A hybrid is usually not the most useful golf club in your bag. Even when you make a great swing, you will notice that the ball goes relatively straight and high, and it’s hard to control this. However, it is easy to hit a hybrid from the rough or out in a divot.

However, the driving iron is difficult to hit out of rough or sloped lies. This club should only be used for clean fairway lies.

A driving iron has the advantage of being able to hit a cut or draw quickly.

 

A Driving Iron’s Pros and Cones

Every golf club has its positives and minuses. The driving iron is becoming more popular as an alternative to the hybrid or long-iron, but also as a fairway wood, and for some, a substitute to a driver.

Pros

  • You can choose from a variety lofts that will help you to fill out your golf bag
  • Low spin can increase total roll and accuracy.
  • Shaft options in graphite or steel
  • For increased clubhead speed, lighter weight and aerodynamic
  • Each year, more options are introduced to the market

Cons

  • It doesn’t have as much forgiveness, the sole is narrower
  • It can be hard to find the gold in the rough
  • This seems to be a better fit than the high swing speed players

 

The pros and cons of a hybrid

The hybrid golf club is a revolutionary addition to the game of golf. More players are putting in hybrids than ever before. Some players still feel that hybrids are a bad decision for their game.

A hybrid golf club is not going to give you perfection. The club does a great deal of combining forgiveness and distance to give players what is needed and make the game more fun.

Pros

  • It is very easy to launch
  • Great club to replace the long irons
  • High launch from the rough
  • You can choose from many lofts
  • Optional lightweight graphite shafts for higher ball speeds
  • Distances are easy

Cons

  • Not as usable as other clubs.
  • It can be difficult to control the ball’s flight
  • For lower handicap players, there are not as many options

 

When to Use Each Club Type

Now that you have a better idea as to what the hybrid and driving iron have in common and where they can benefit your game, it’s time to understand where it makes sense to use each of these clubs.

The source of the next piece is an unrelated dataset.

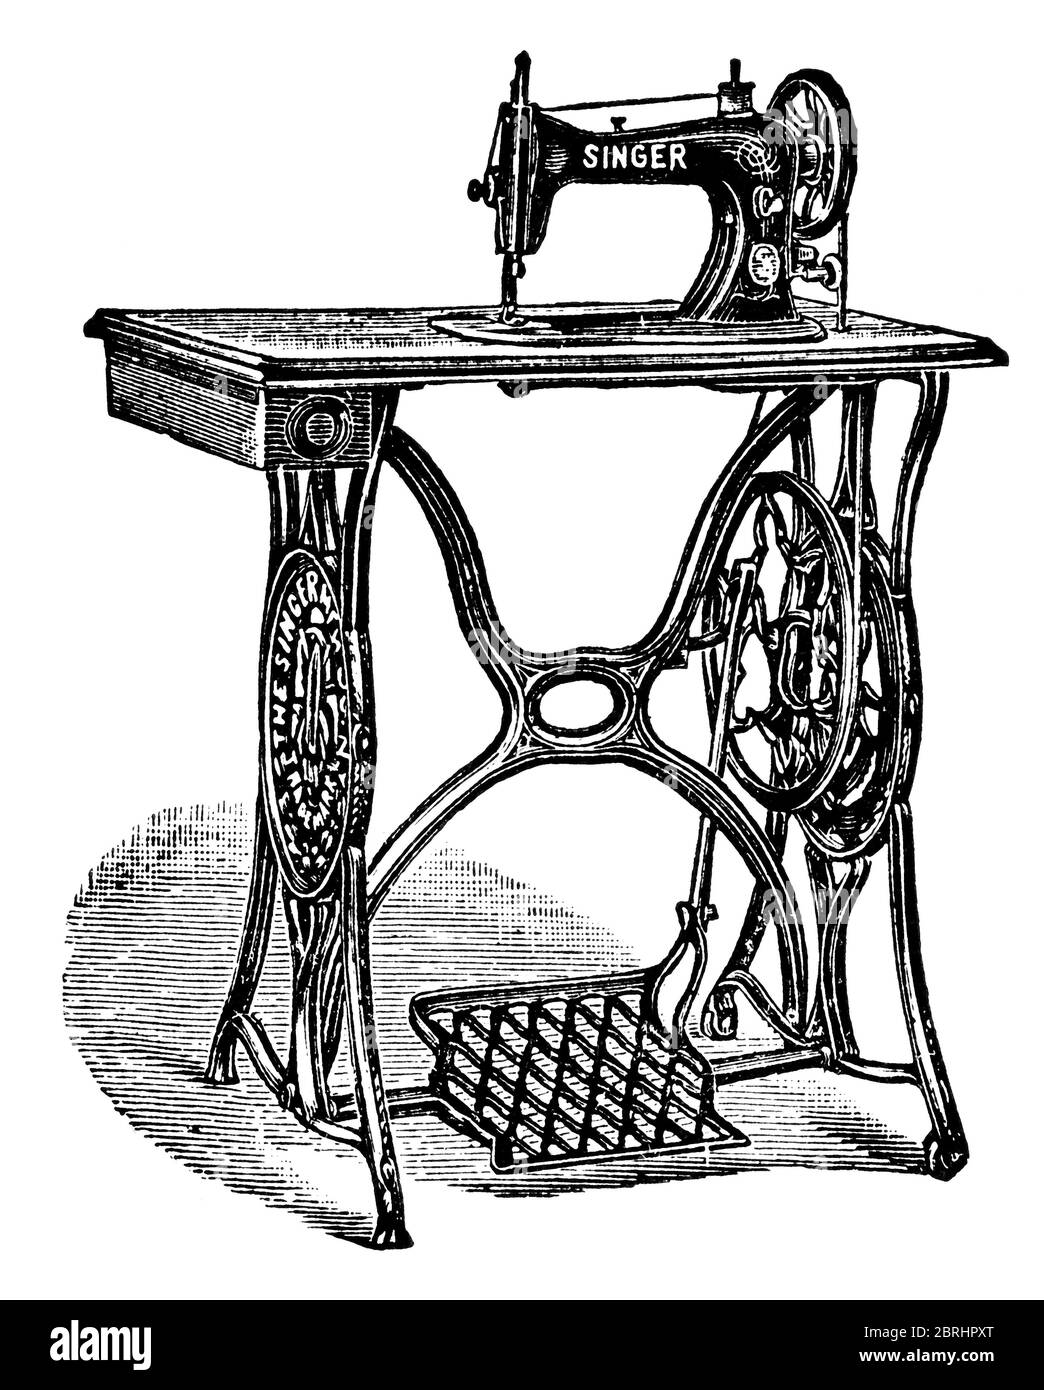 Nuevo modelo familiar de máquina de coser Singer. Ilustración del siglo 19.  Fondo blanco Fotografía de stock - Alamy

Club selection is key to golf course management. Golfers who are good at it score better from a scoring perspective.

Tee Box

You can either use the hybrid or the driving-iron off the tee. I prefer the driving iron.

The driving iron is a great choice for players who struggle to find a club that will give you a straight drive and catch some extra roll. The tee box gives you the ability to lie perfectly on a slightly elevated green, making it easier for you to hit the driving iron.

It can be beneficial to learn how to hit a stinger-type shot when you are hitting the driving iron or hybrid from the tee box. This encourages increased roll.

Clean Fairway Lie

The fairway lies are another area where you can hit the driving iron or hybrid. This is a situation where you need to choose a club that suits your confidence level and the end goal.

Driving irons are best if you want to move the ball as far as possible down the fairway. The hybrid is for golfers who want to hit the pin at 10 feet.

Consider your game as a whole and remember that golfers with a faster swing speed have better luck driving irons from these types lies.

Out of The Rough

The hybrid is the clear winner in rough shots. The launch of hybrid golf clubs is extremely high, and the clubhead is slightly heavier, which allows them to cut through the rough easily.

Hitting the ball out of the rough requires paying careful attention to the lie to ensure if it’s going to be a flier or if it may knock down the total distance. If your ball is sitting up nicely and you have a driving iron with a bit more loft, don’t be afraid to give the driving iron a shot.

Smart players will be able to read lies and combine that knowledge with their ability to make the shot.